Measured on Windows 10, Python 3.11.9, font: *Nirmala UI*, N = 50 calls, cold cache.

| Text category | Median (ms) | Cache hit (ms) |
|---|---|---|
| Simple word (3–4 chars) | 0.27 | 0.06 |
| Conjunct consonant | 0.32 | 0.07 |
| Complex multi-conjunct | 0.40 | 0.08 |
| Axis label (medium) | 0.57 | 0.10 |
| 6×6 heatmap (36 cells, batch) | 10.5 ms total | — |

The LRU cache delivers roughly a **4× speedup** for repeated labels
(e.g. tick strings reused across multiple plots).

---

## 🔥 Why This Exists

Matplotlib cannot shape Indic scripts.
Even with a Bengali font installed it produces disjoint, misordered glyphs.
Existing community workarounds only handle **very simple words** like ভয়, রাগ —
but fail completely for real tokens:

| Word | Meaning | Renders correctly? |
|---|---|---|
| খুশি | happiness | ❌ matra misplaced |
| দৃষ্টিভঙ্গি | perspective | ❌ conjuncts broken |
| শ্রদ্ধা | respect | ❌ cluster split |
| ব্যবস্থাপনা | management | ❌ multiple failures |
| হাস্যোজ্জ্বল | smiling | ❌ unrecognisable |

**Before bangla-render:** no PyPI package, no correct shaping, no heatmap support,
no tick-label API, people relied on Bijoy/ANSI hacks or hand-exported PNGs.

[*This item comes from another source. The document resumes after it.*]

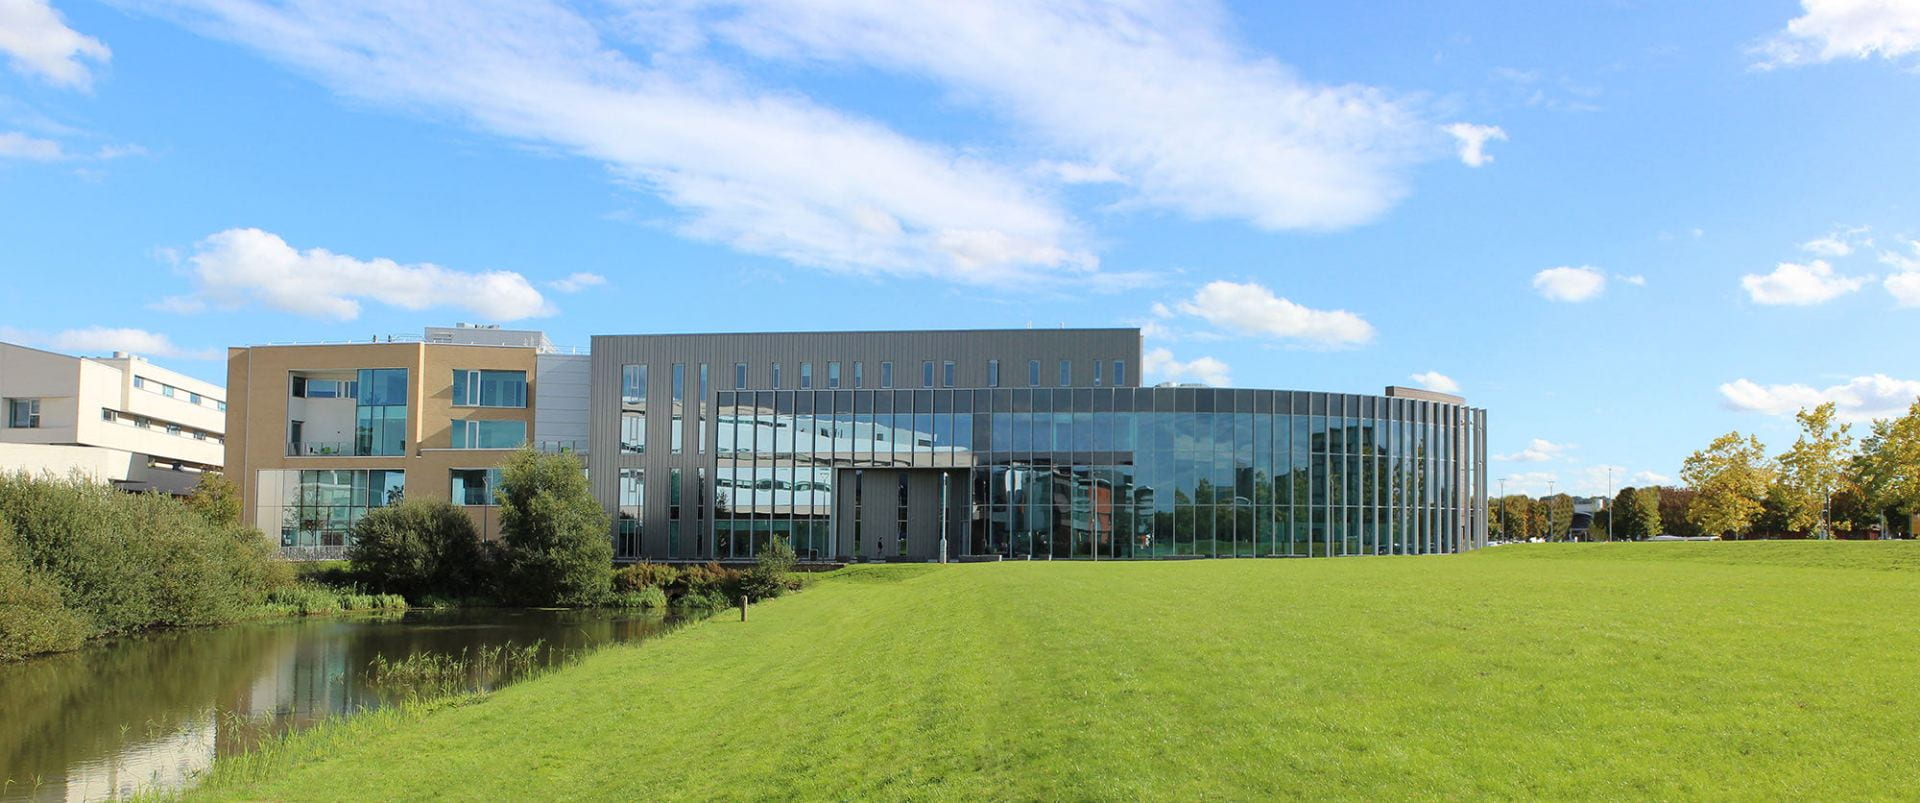 A panorama photo of the Isaac Newton Building at the University of Lincoln.

**bangla-render fills this gap — for the first time, fully.**

---

## 🧪 Running the Test Suite

```bash
git clone https://github.com/mbs57/bangla-render.git
cd bangla-render
pip install -e .
python tests/test_suite.py
```

Outputs saved to `test_outputs/`. Debug JSON reports saved to `test_outputs/debug/`.  
Benchmark results saved to `test_outputs/benchmark_results.txt` and `.json`.

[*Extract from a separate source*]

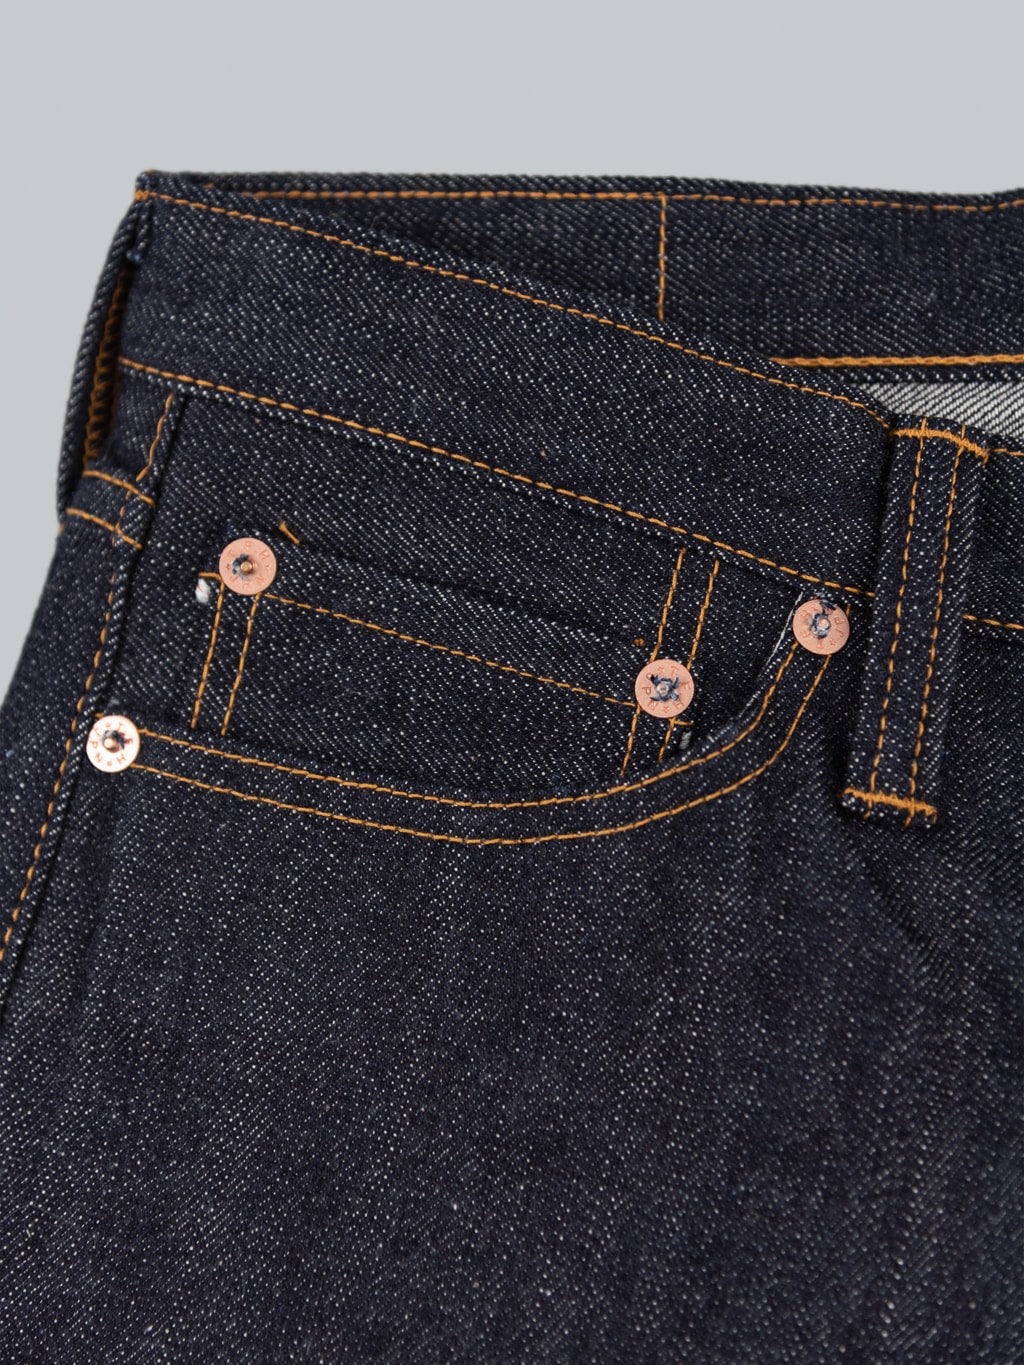 The Flat Head 3009 14.5oz straight tapered Jeans  detais

To run the Indic script demo (Hindi + Tamil):

```bash
python tests/test_indic_demo.py
```

---

## 🗺 Roadmap

- [x] v0.1 — Bengali rendering for title, xlabel, ylabel, heatmap cells
- [x] v0.2 — Five-module architecture, font validation, LRU cache, tick labels, Indic scripts, layout engine
- [ ] v0.3 — Mixed Bengali + MathText (`$\alpha$`) support
- [ ] v0.4 — Vector output via SVG path extraction
- [ ] v0.5 — Extend verified Indic support: Odia, Gujarati, Malayalam, Telugu
- [ ] v1.0 — Production-ready stable release and full documentation site
---

## 📄 License

MIT License — free for personal, academic, and commercial use.

---

## 📖 Citation

If you use bangla-render in research, please cite:

```bibtex
@article{shuvo2025banglarender,
  title   = {bangla-render: Correct Bengali Text Rendering for
             Matplotlib \& Seaborn Using Qt/HarfBuzz},
  author  = {Shuvo, Mrinal Basak},
  journal = {SoftwareX},
  year    = {2025},
  note    = {Under review, Manuscript SOFTX-D-25-00884}
}
```

---

## ⭐ Acknowledgements

This project aims to make scientific and data visualisation accessible to
**millions of Bengali speakers** — helping students, educators, analysts,
and researchers present data in their native language.

Built on the shoulders of Qt, HarfBuzz, Matplotlib, NumPy, and PySide6.
Thanks to early users whose feedback shaped the API and layout engine.